Microglia-mediated inflammatory responses play a crucial role in aging-related neurodegenerative diseases. The TXNIP/NLRP3 pathway is a key pathway leading to microglial activation. Panax notoginseng Saponins (PNS) have been widely used for the treatment of stroke in China.

This study evaluates the anti-neuroinflammatory effect of PNS and investigates the mechanism via TXNIP-mediated NLRP3 inflammasome activation in aging rats.

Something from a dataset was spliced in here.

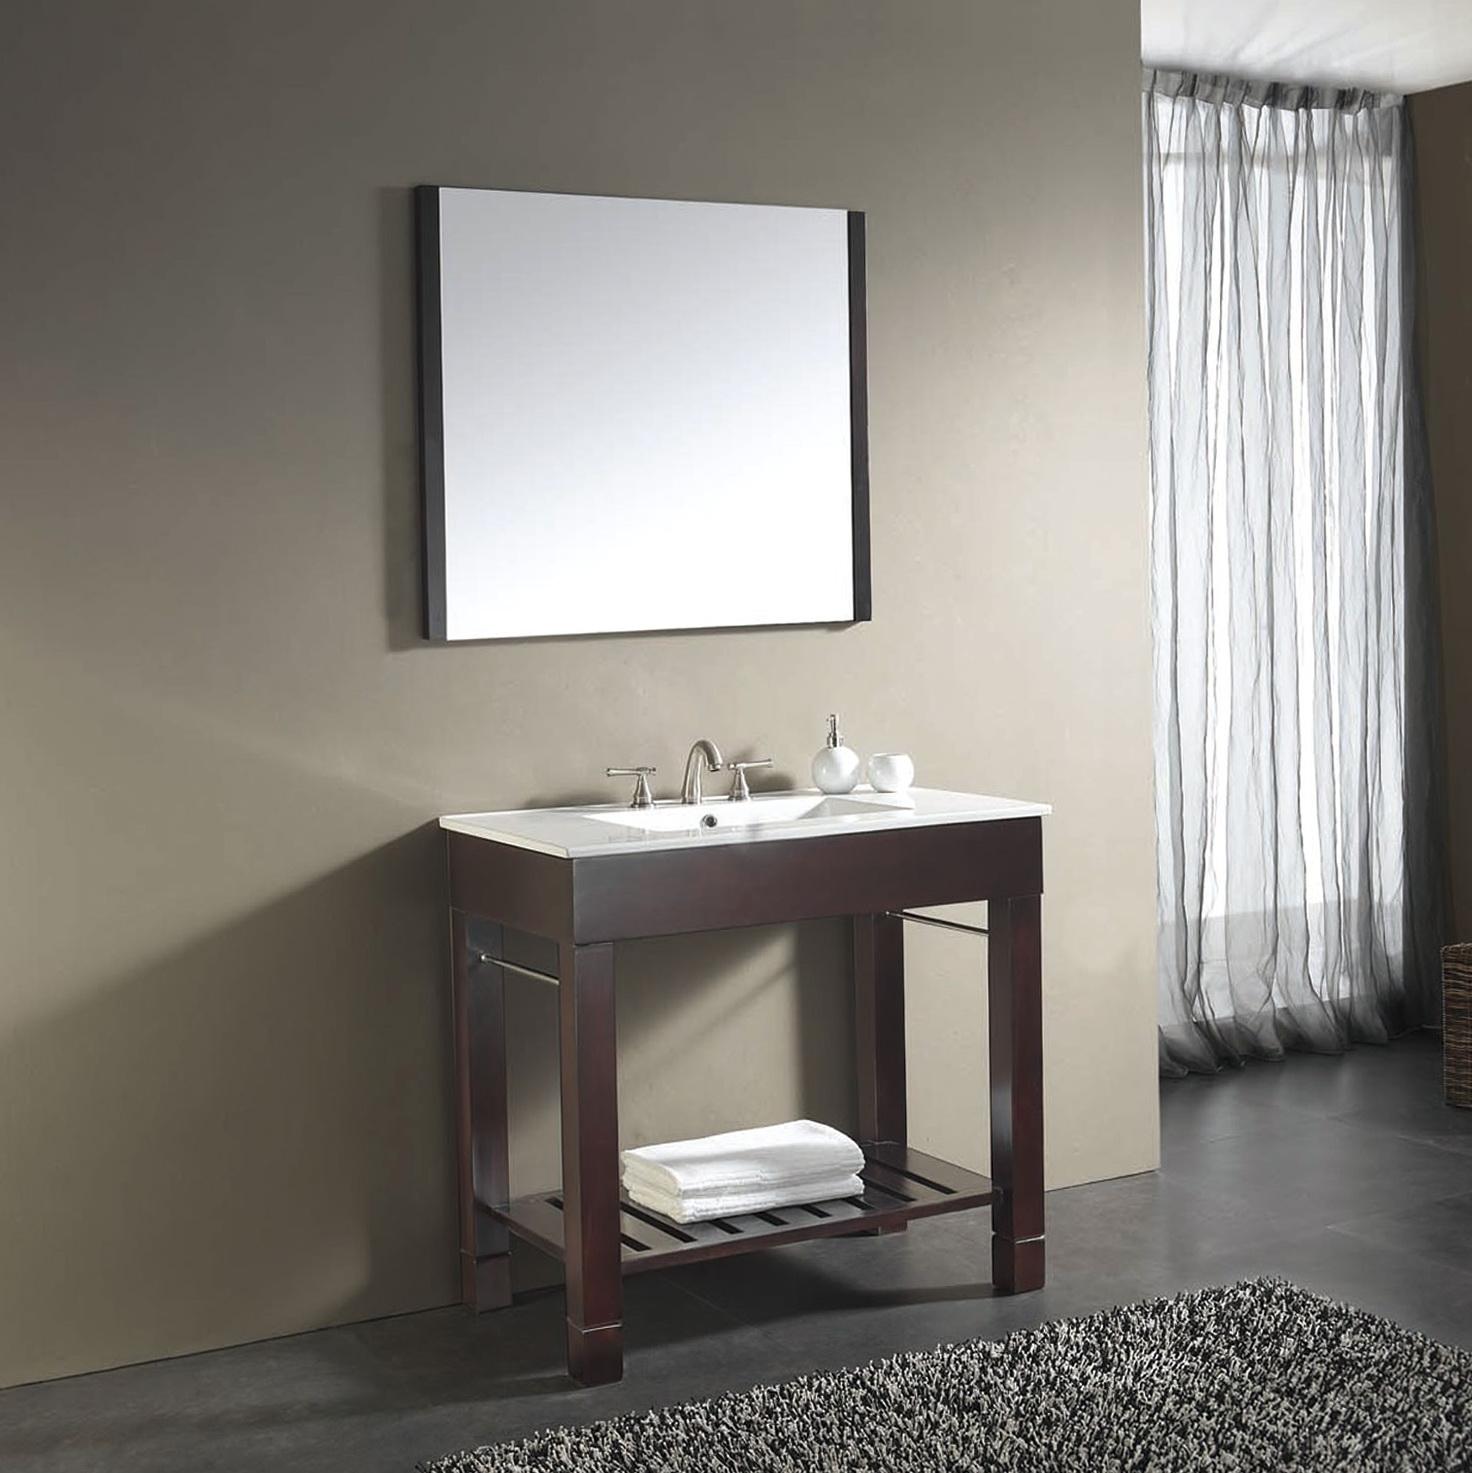 Standard Bathroom Vanity Height

Eighteen-month-old Sprague-Dawley rats were randomly divided into the aging control group and PNS treated groups (n=15 each group). For PNS-treated groups, rats were administrated food with PNS at the doses of 10 mg/kg and 30 mg/kg for consecutive 6 months until they were 24-month old. Rats from the aging control group were given the same food without PNS. Twomonth- old rats were purchased and given the same food until they were 6-months old as the adult control group (n = 15). Then, the cortex and hippocampus were rapidly harvested and deposited. H&E staining was used to assess histo-morphological changes. Western blotting was carried out to detect the protein expression. Immunofluorescence was employed to measure the co-localization of NLRP3, TXNIP and Iba-1. In vitro model was established by LPS+ATP co-incubation in the BV2 microglia cell line.

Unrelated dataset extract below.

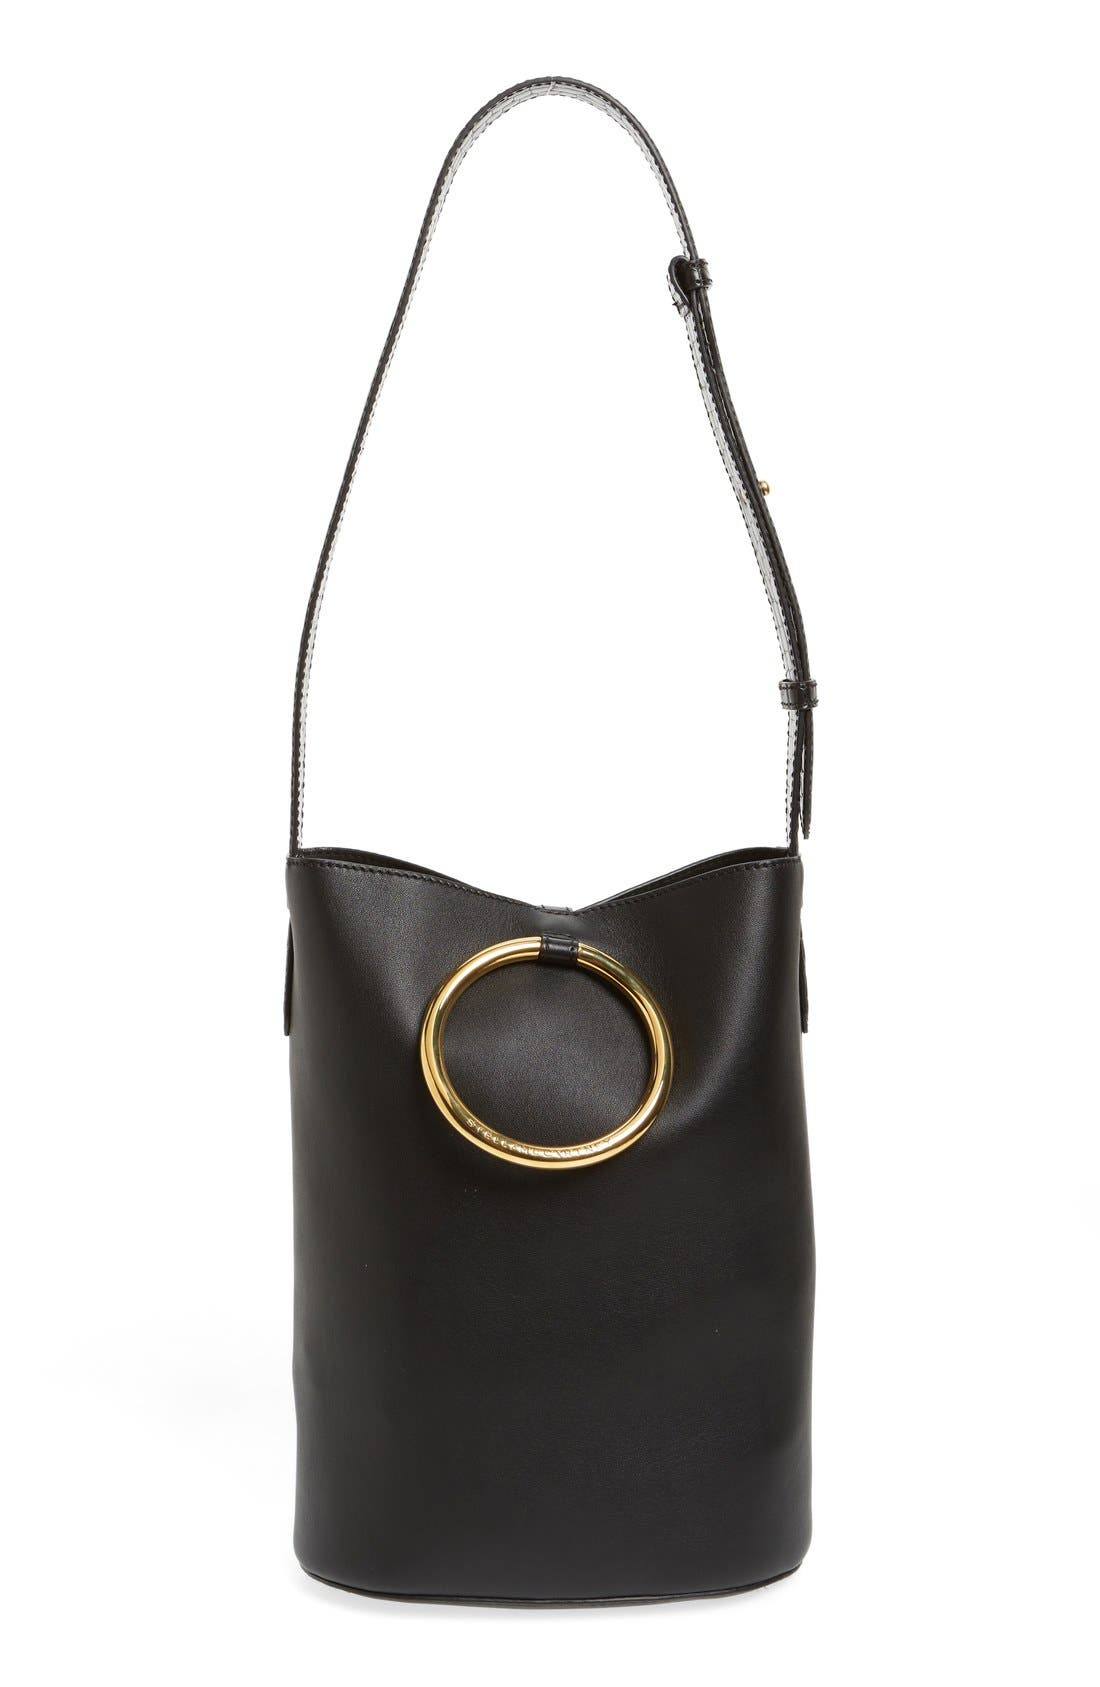 Main Image - Stella McCartney 'Medium Ring' Faux Nappa Leather Bucket Bag

Aging rats exhibited increased activation of microglia, accompanied by a high level of IL-1β expression. Meanwhile, aging rats showed enhanced protein expression of TXNIP and NLRP3 related molecules, which co-localized with microglia. PNS treatment effectively reduced the number of degenerated neurons and reversed the activation of the TXNIP/NLRP3 inflammatory pathway. In vitro results showed that PNS up to 100 μg/ml had no significant toxicity on BV2 microglia. PNS (25, 50 μg/ml) effectively reduced the inflammatory response induced by LPS and ATP co-stimulation, thus inhibiting the expression of TXNIP/NLRP3 pathway-related proteins.

PNS treatment improved aging-related neuronal damage through inhibiting TXNIP mediated NLRP3 inflammasome activation, which provided a potential target for the treatment of inflammation-related neurodegenerative diseases.